96% of these grads are accepted to two- or four-year colleges
The motto of the Cristo Rey Network of high schools is Schools That Work. The dictum pays tribute to the schools’ success at graduating at-risk urban youth and its innovative work-study program, which places students in entry-level, corporate jobs to help them finance their private-school tuition. With graduation rates near 100% and 96% of students accepted to two- or four-year colleges, there is no question the schools work.
In 1996, Jesuit priest Father John Foley founded Cristo Rey Jesuit High School in Chicago’s Pilsen/Little Village neighborhood. The school set out to provide the best college preparatory education available to at-risk youth with limited educational options. Father Foley soon realized, however, that donations alone couldn’t fund the school and a creative financing solution was necessary. Partnering with area business leaders, Father Foley developed the work-study program, which requires students work five days a month at a job to help underwrite the cost of their education while benefiting from exposure to professional careers.
The school opened its doors to 79 students, and the McGowan Fund was supportive of Cristo Rey from those earliest days, awarding its very first grant to the school. Today, the school has grown to 535 students (with a long waiting list) and more than 80 percent of Cristo Rey graduates are currently attending or have already completed college.

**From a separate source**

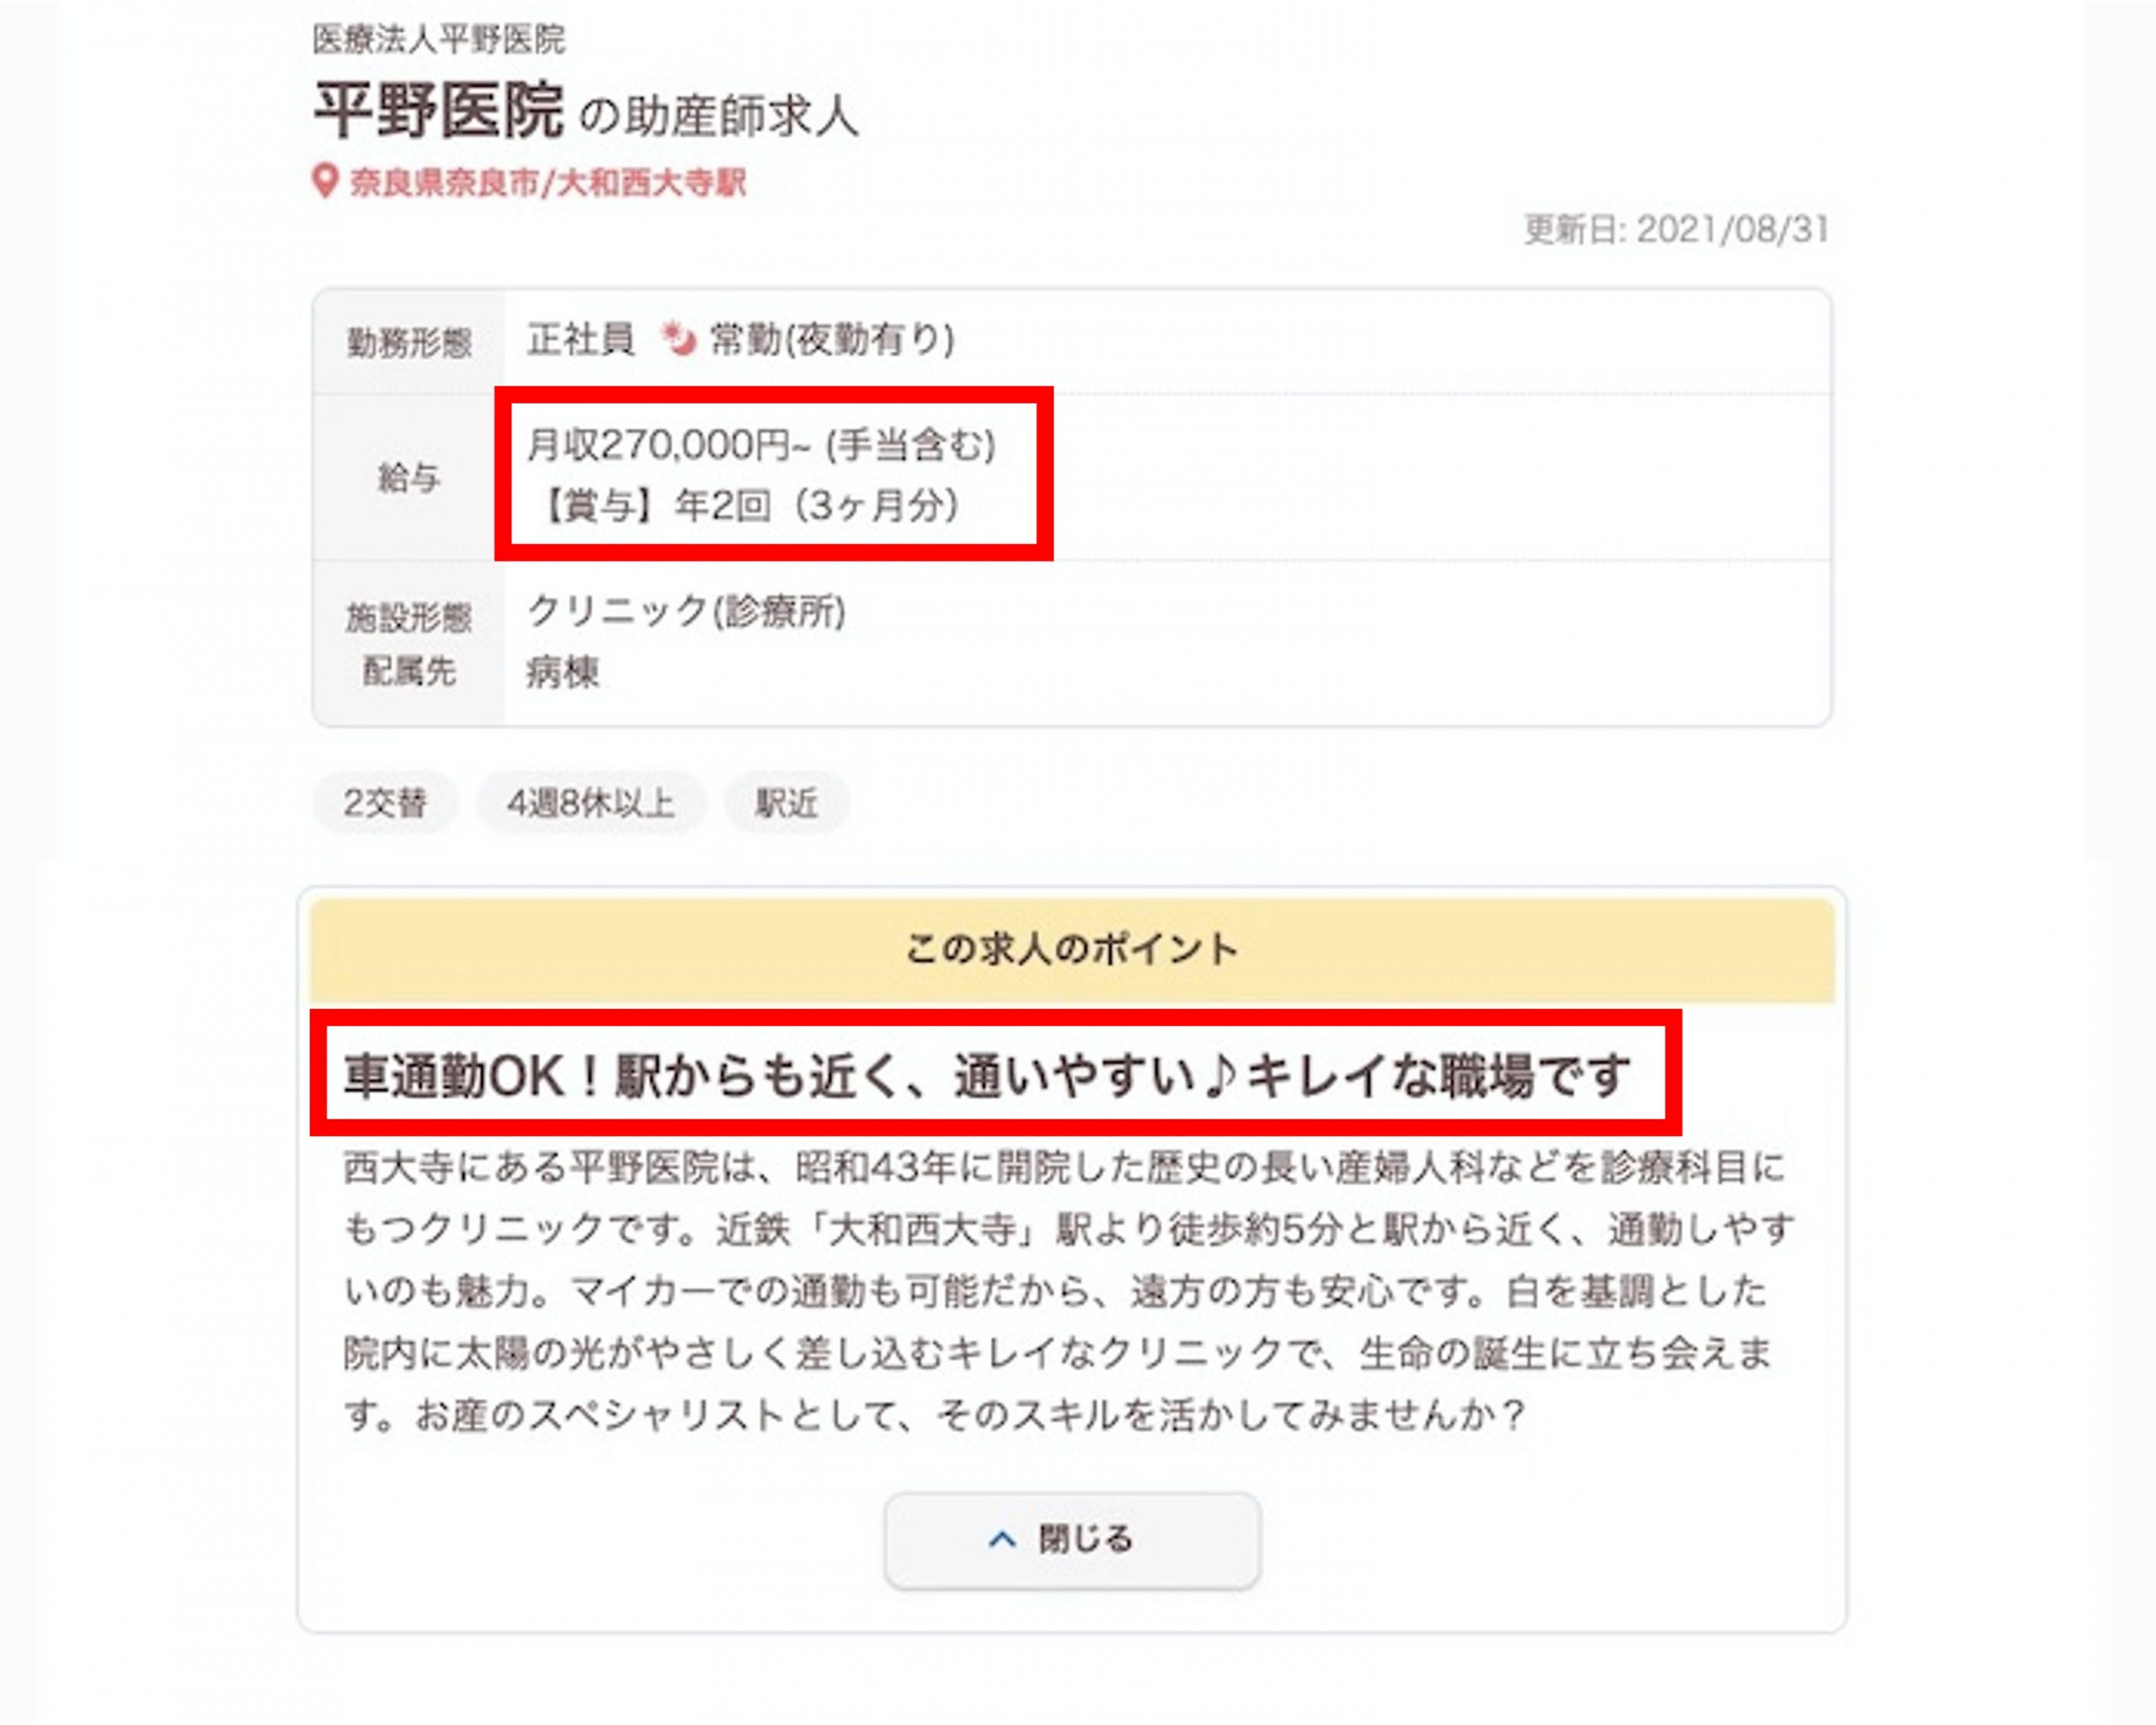 奈良県 看護師転職サイト 求人情報

From that first school grew the Cristo Rey Network, a coalition of 24 Jesuit college preparatory high schools across the country—all committed to serving underprivileged youth. Over the years, the McGowan Fund has been a consistent supporter of Cristo Rey Schools, and over the past three years the Fund provided $125,000 to three schools in Chicago, Kansas City, and Washington, DC. The Cristo Rey belief in opportunity through education, coupled with its innovative educational model truly embodies the spirit of William G. McGowan, while its proven success reflects the aspiration of the McGowan Fund.